A note from The field of medicine is constantly evolving. As a result, parts of this article may be outdated. Please keep this in mind, and be sure to visit other parts of our site for more recent information!

  • Once-Weekly Dosing of 40,000 U Epoetin Alpha Is as Effective as Thrice-Weekly Dosing Among HIV-Positive Patients
    Abstract 254
    Authored by H. Grossman (Columbia Univ. Coll. of Physicians and Surgeons, New York, NY), P. Bowers (Ortho Biotech Products, LP, Raritan, NJ), G. Leitz (Ortho Biotech Products, LP, Raritan, NJ), for the 010 Study Group
    View the original abstract

Anemia is the most frequent blood-related complication in people living with HIV disease. Anemia can cause symptoms of fatigue, including weakness, exercise intolerance, shortness of breath, rapid heart rate, and mental slowing, all symptoms that impair day-to-day functioning and quality of life.

As the use of highly active antiretroviral therapy (HAART) has improved the overall health of patients with HIV, anemia has been perceived as a less important clinical issue. However, anemia remains a very real problem for patients, particularly those with advanced disease who are least able to cope with additional physical setbacks. Anemia also has a detrimental impact on the progression of HIV disease. An inverse relationship exists between anemia and survival among patients with HIV. Recently, it has been shown that HIV-positive patients who recovered from anemia had a significant longer survival time compared to those who remained anemic.

Recombinant human erythropoietin (epoetin alpha, Procrit) is both biologically and immunologically indistinguishable from naturally occurring erythropoietin. This substance stimulates the production of new red blood cells in the bone marrow.

The safety and efficacy of procrit have been well established in a variety of clinical trials, and, over the past decade, it has been used in over one million patients in the U.S.

The thrice-weekly dosing schedule in anemic HIV-positive patients receiving zidovudine (AZT) has been shown to correct the anemia, decrease blood transfusion requirements, and improve quality of life. Once-weekly procrit (40,000 units) has been shown to be similar to thrice-weekly dosing (150 IU/kg) in increasing hemoglobin and improving quality of life in cancer patients receiving chemotherapy.

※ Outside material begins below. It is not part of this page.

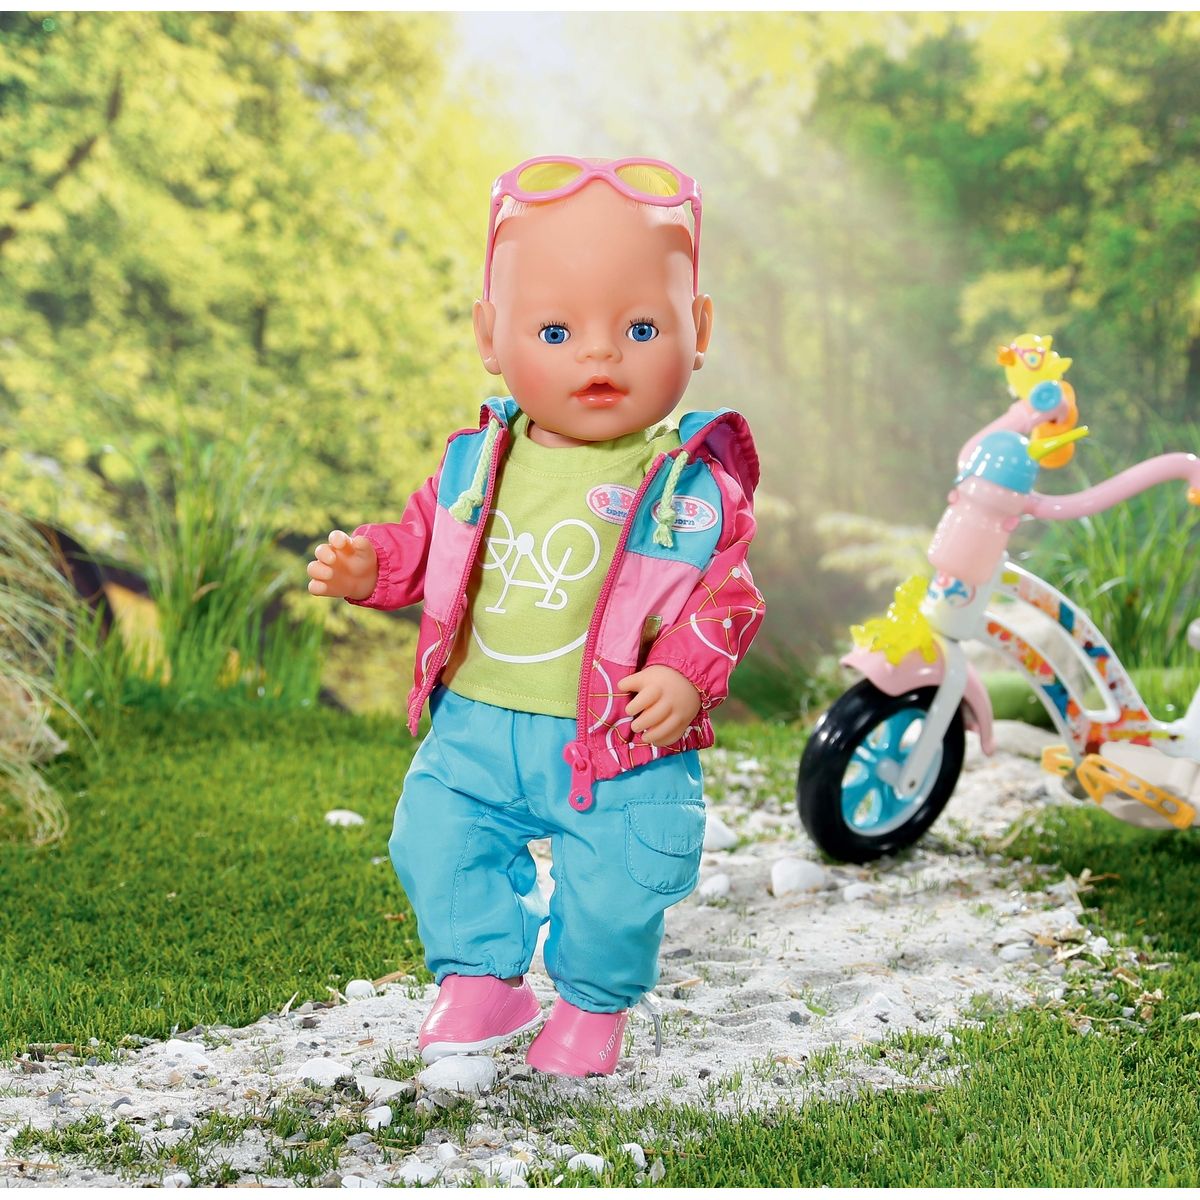 Беби бон бесплатную. Одежда Zapf Creation Baby born. Zapf Creation комплект одежды для велопрогулки для куклы Baby born 823705. Одежда для велосипедной прогулки Беби Борн. Беби бона Baby born одежда комплект.
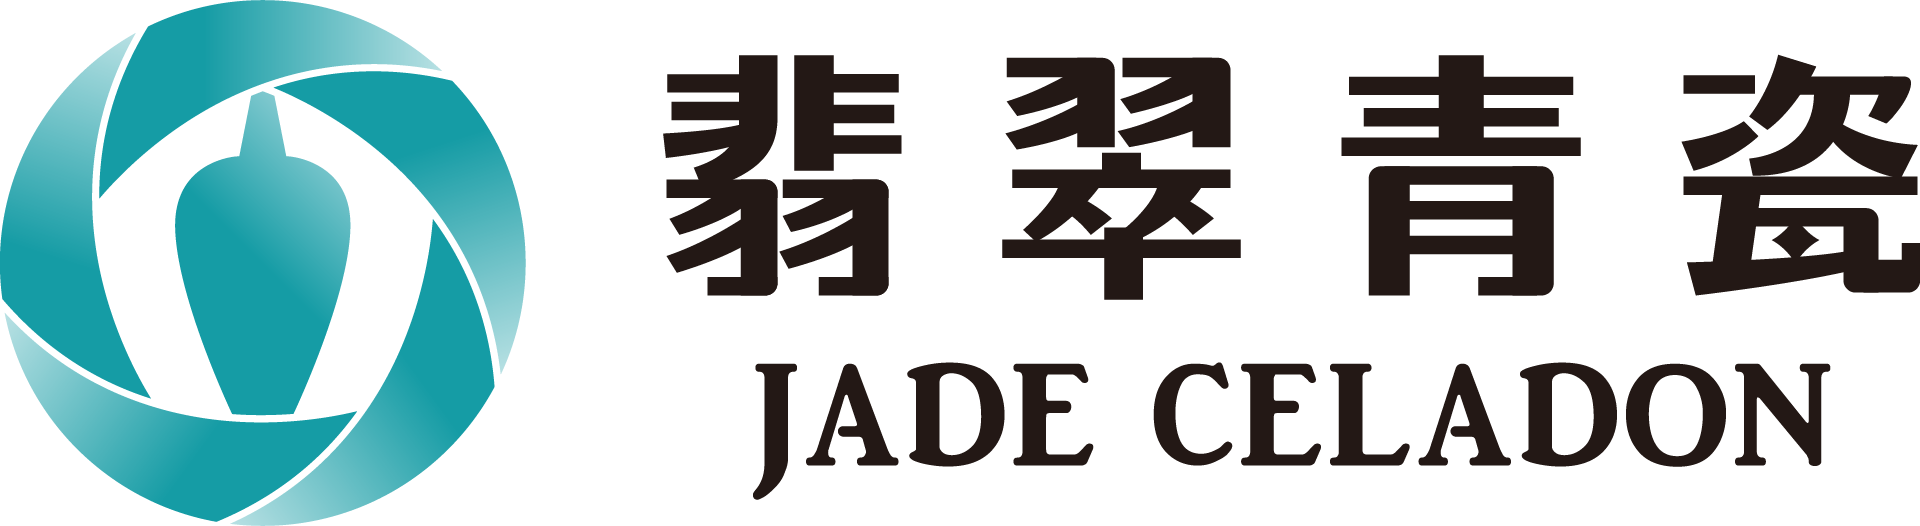 values projects jadeceladon typography 004

The present study compared the effect of QW (once-weekly) versus TIW (thrice-weekly) administration of procrit on hemoglobin levels and quality of life (QOL) in HIV-positive patients receiving antiretroviral therapy. The study was done to see if the more convenient once-weekly dosing schedule was as effective as the thrice-weekly schedule.

The present study is similar in design to a study done by the CHAMPS study group and presented at the 39th Annual Meeting of the Infectious Diseases Society of America in October 2001.(1) Michael Saag, M.D. et al. in the CHAMPS study showed that once-weekly dosing for 16 weeks increased hemoglobin by at least 1 g/dL in 75% of the patients with a mean rise in hemoglobin of 2.7 g/dL.

The once-weekly procrit-dosing schedule was found to be efficacious in HIV-positive patients on antiretroviral therapy with or without AZT and across all races. Procrit increased hemoglobin levels independent of baseline CD4 cell count, viral load, and change in CD4 cell count, indicating its effects are independent of these parameters. As the hemoglobin increased, quality of life improved proportionately in a statistically significant fashion. The maximum increase in quality of life parameters occurred when the hemoglobin was increased to 10-12 g/dL.


In the present study, Dr. Grossman and colleagues report an interim analysis of 174 anemic (hemoglobin < 12 g/dL) HIV-positive patients randomized to receive procrit either once weekly or thrice weekly.

Improvement in hemoglobin levels and quality of life were found to be similar for both dosing regimens with no statistically significant differences noted. This randomized prospective open-label study provided a direct comparison of therapeutic efficacy and tolerability of once-weekly versus thrice-weekly administration of procrit in anemic HIV-positive patients. The mean increase in hemoglobin was 2.4 g/dL in the TIW group and 2.8 g/dL in the QW group. These results clearly indicate that, as in the CHAMPS study, the more convenient once-weekly dosing schedule is equally effective as thrice-weekly in increasing hemoglobin levels and improving quality of life. Both once-weekly and thrice-weekly administration of procrit was found to be safe and well tolerated.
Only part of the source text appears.